Publications - Sudoku Recognition with Deep Belief Network
I recently realized that I never talked about my publications on this website... I thought it was time to start. I'll start to write a few posts about my earlier publications and then I'll try to write something for the new ones not too late.
For the story, I'm currently a PHD student at the University of Fribourg, in Switzerland. My PHD is about the use of Deep Learning technologies to automatically extract features from images. I have developed my Deep Learning Library (DLL) project for this thesis. We have published a few articles on the various projects that we tackled during the thesis. I'll try to go in order.
At the beginning of the thesis, I used Restricted Boltzmann Machine and Deep Belief Network to perform digit recognition on images of Sudoku taken with a phone camera. We published two papers on this subject.
Camera-based Sudoku Recognition with Deep Belief Network, in the Proceedings of the International Conference on Soft Computing and Pattern Recognition (SOCPAR-2014)
Mixed Handwritten and printed digit recognition in Sudoku With Convolutional Deep Belief Network, in the Proceedings of the International Conference on Document Analysis and Recognition (ICDAR-2015)
The Sudoku grid and digits are detected using standard image processing techniques:
The image is first converted to grayscale, then a median blur is applied to remove noise and the image is binarized using Adapteive Thresholding
The edges are detected using the Canny algorithm. From these, the lines are detected using a Progressive Probabilistic Hough Transform
Using a connected component analysis, the segments of lines are clustered together to detect the Sudoku Grid
The cells are then detected inside the grid using the inner lines and contour detection is used to isolate the digits.

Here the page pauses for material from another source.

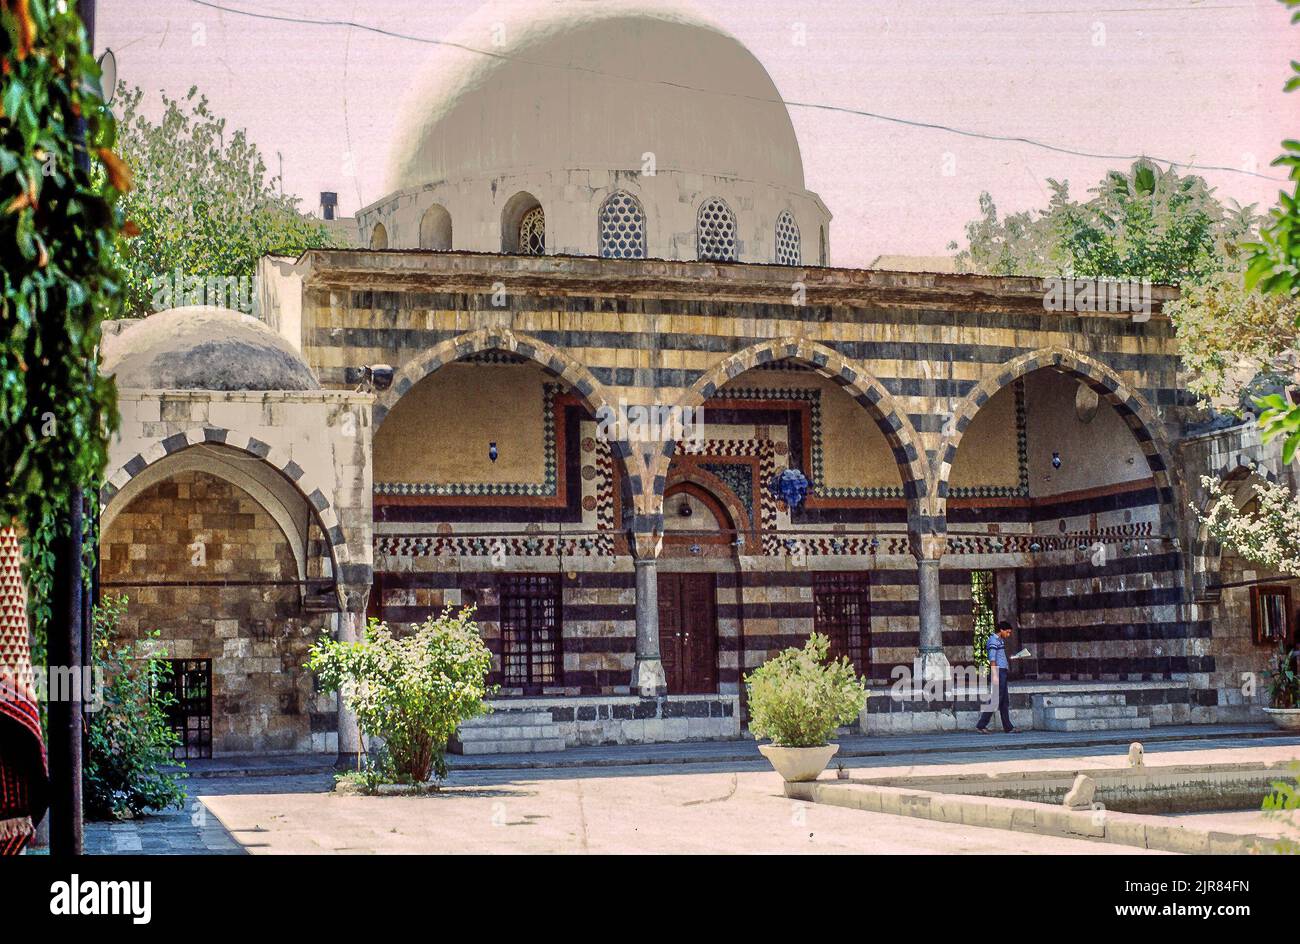 Patio de la mezquita de la era otomana Tekiye Al Suleimaniyeh (siglo 16th dC), Damasco, Siria Foto de stock
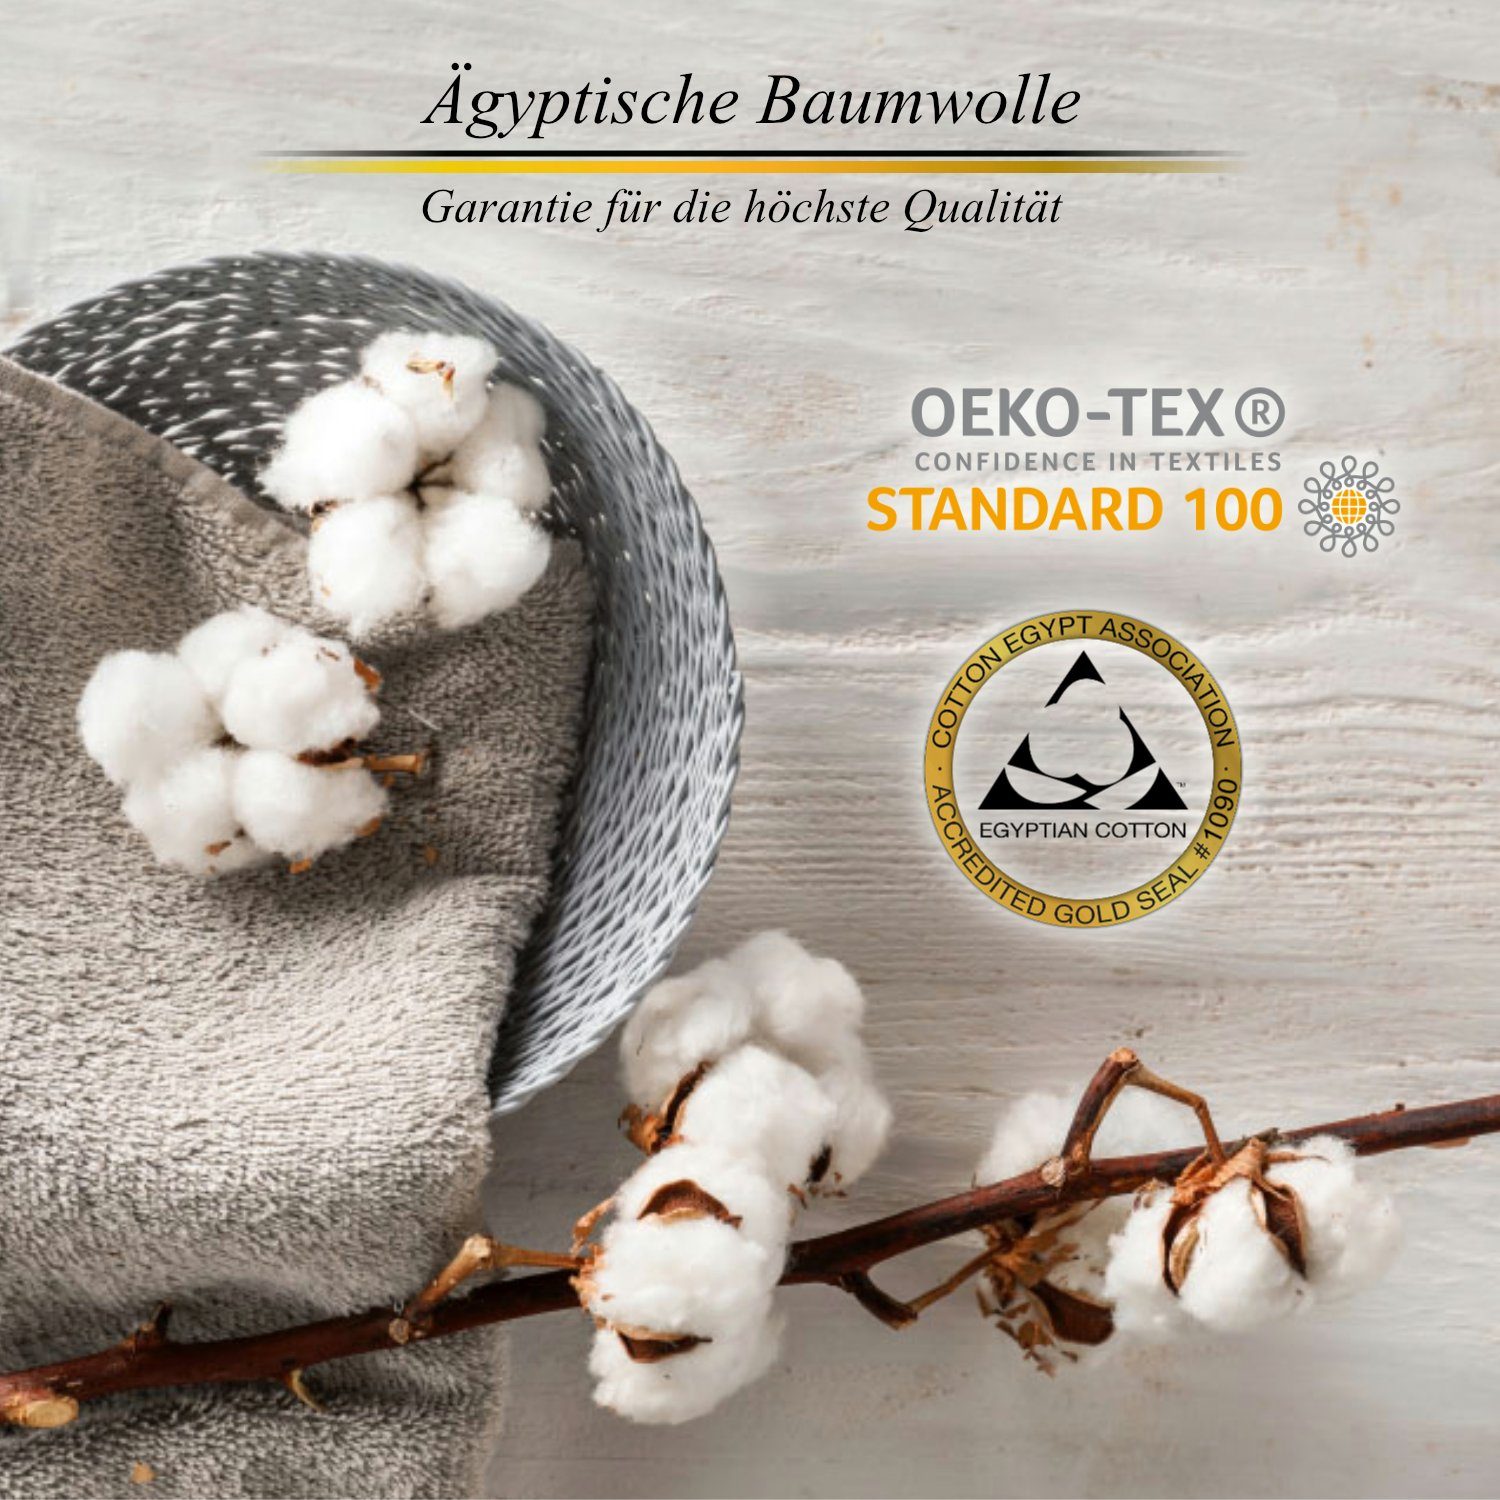 Heimtextilien Handtuch-Sets Aymando Handtuch Set Gepunktet (Spar-Set, 4-tlg), Badetuch kuschlig weich in Premium Qualität aus fa

Here is one of the original images from our dataset:
Here are the detected characters from the previous image:
Once all the digits have been found they are passed to a Deep Belief Network for recognition. A Deep Belief Network is composed of several Restricted Boltzmann Machines (RBM) that are stacked. The network is pretrained, by training each RBM, in turn, with Contrastive Divergence. This algorithm basically trains each RBM as an auto-encoder and learns a good feature representation of the inputs. Once all the layers have been trained, the network can then be trained as a regular neural network with Stochastic Gradient Descent.
In the second paper, the images of Sudoku are containing both computer printed and handwritten digits (the grid is already filled). The other difference is that the second system used a Convolutional DBN instead of DBN. The difference being that each layer is a Convolutional RBM. Such a model will learn a set of small filters that will be applied to each position of the image.
On the second version of the dataset, we have been able to achieve 99.14% of recognition of the digits or 92.5% of fully-recognized grid with the Convolutional Network.
You can find the C++ implementation on Github.
If you want to have a look, I've updated the list of my publications on this website.